Hellenistic Warfare > Sphendonetai



In Alexander the Great's army, the sphendonetai were slingers, a type of light infantry that provided essential ranged support. These troops were an integral part of Alexander’s combined arms tactics, and they played a crucial role in disrupting enemy formations and providing cover for other units.
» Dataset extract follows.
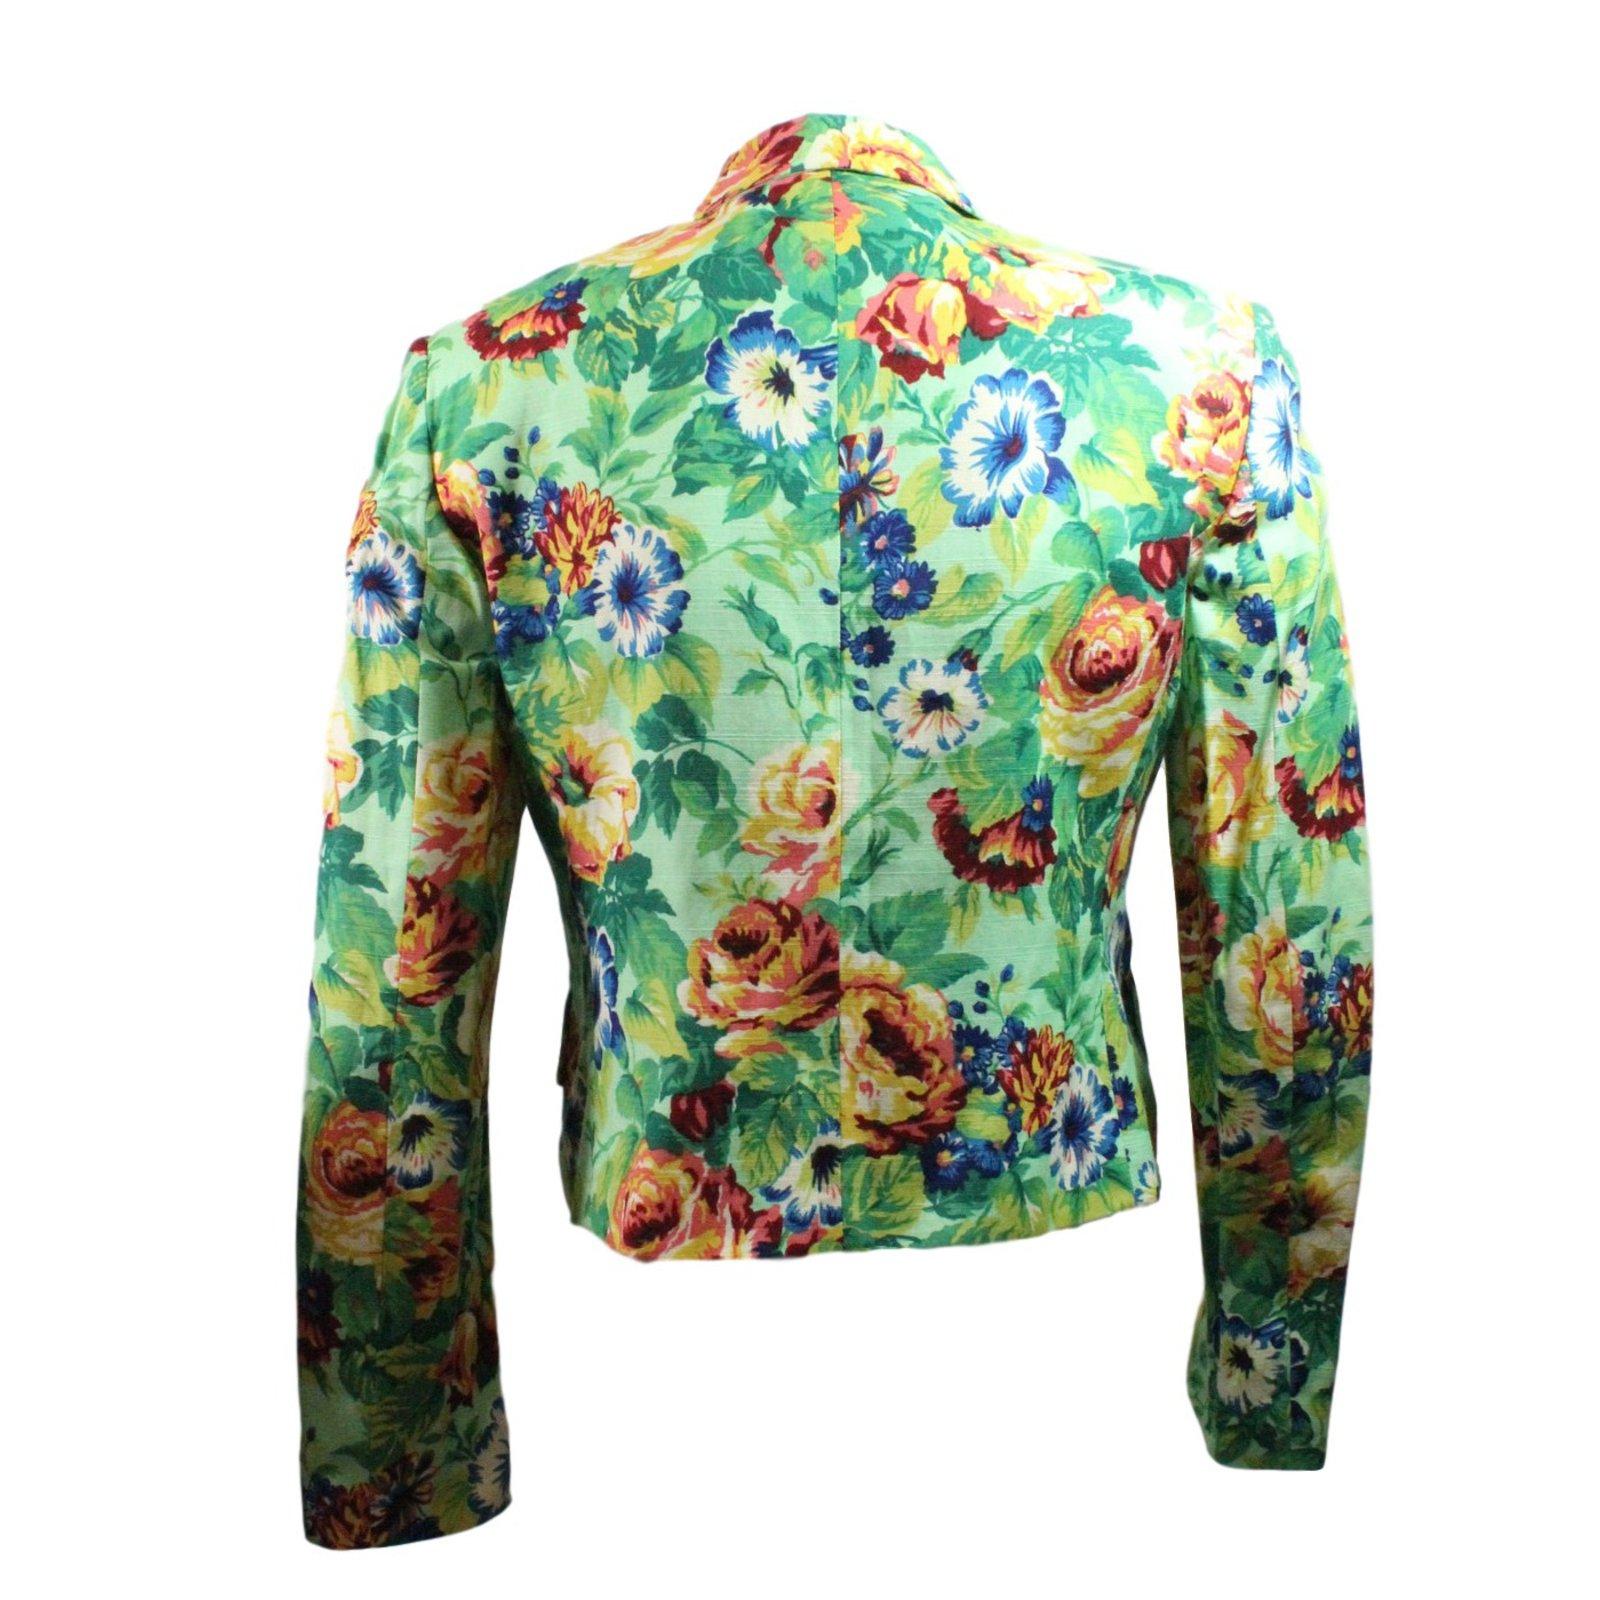 vestes kenzo veste floral viscose lin multicolore joli closet. Black Bedroom Furniture Sets. Home Design Ideas

Here’s an in-depth look at the sphendonetai and their place in Alexander’s military structure:

Overview of Alexander’s Army

Infantry Units

  1. Pezhetairoi (Foot Companions):

    • Core Unit: Backbone of the Macedonian phalanx.
    • Equipment: Armed with the sarissa (a long spear).
    • Role: Formed a dense, impenetrable front line.
  2. Hypaspists:

    • Elite Infantry: Flexible and versatile troops.
    • Equipment: Carried shorter spears and larger shields.
    • Role: Acted as a link between the phalanx and the cavalry.
  3. Agrianians:

    • Light Infantry: From Thrace, known for agility.
    • Equipment: Light armor, javelins, and small shields.
    • Role: Skirmishing, flanking, and operating in rough terrain.

Cavalry Units

  1. Companion Cavalry (Hetairoi):

    • Elite Cavalry: Shock troops.
    • Equipment: Heavily armored with long spears.
    • Role: Flanking maneuvers and decisive charges.
  2. Thessalian Cavalry:

    • Heavy Cavalry: Versatile and effective.
    • Equipment: Similar to Companion Cavalry.
    • Role: Supported the Companion Cavalry and balanced the flanks.
  3. Light Cavalry (Prodromoi and Sarissophoroi):

    • Mobile Units: For scouting and skirmishing.
    • Equipment: Light armor, spears, and sometimes bows.
    • Role: Reconnaissance and rapid assaults.

Specialized Units

  1. Engineers and Siege Equipment:

    • Role: Constructed and operated siege engines.
    • Equipment: Included catapults, battering rams, and siege towers.
  2. Archers (Toxotai) and Slingers (Sphendonetai):

    • Ranged Units: Provided essential long-range attacks.
    • Equipment: Bows for archers; slings for sphendonetai.
    • Role: Disrupted enemy formations and provided cover.

Sphendonetai (Slingers)

Background and Recruitment

Equipment and Techniques

Tactical Roles

  1. Disruption of Enemy Formations:

    • Initial Engagement: The sphendonetai would engage the enemy from a distance, disrupting formations and causing casualties before the main infantry engagement.
    • Psychological Impact: The whizzing sound of the projectiles and their impact could demoralize and confuse enemy troops.
  2. Support for Main Troops:

    • Cover Fire: Provided cover for the advancing phalanx and cavalry, forcing the enemy to keep their heads down.
    • Flexible Deployment: Could quickly reposition to support different parts of the battlefield as needed.
  3. Harassment and Skirmishing:

    • Flanking and Rear Attacks: Utilized their mobility to harass the enemy’s flanks and rear, targeting vulnerable troops and disrupting supply lines.
    • Ambushes: Used in ambush scenarios to deliver sudden, overwhelming projectile attacks.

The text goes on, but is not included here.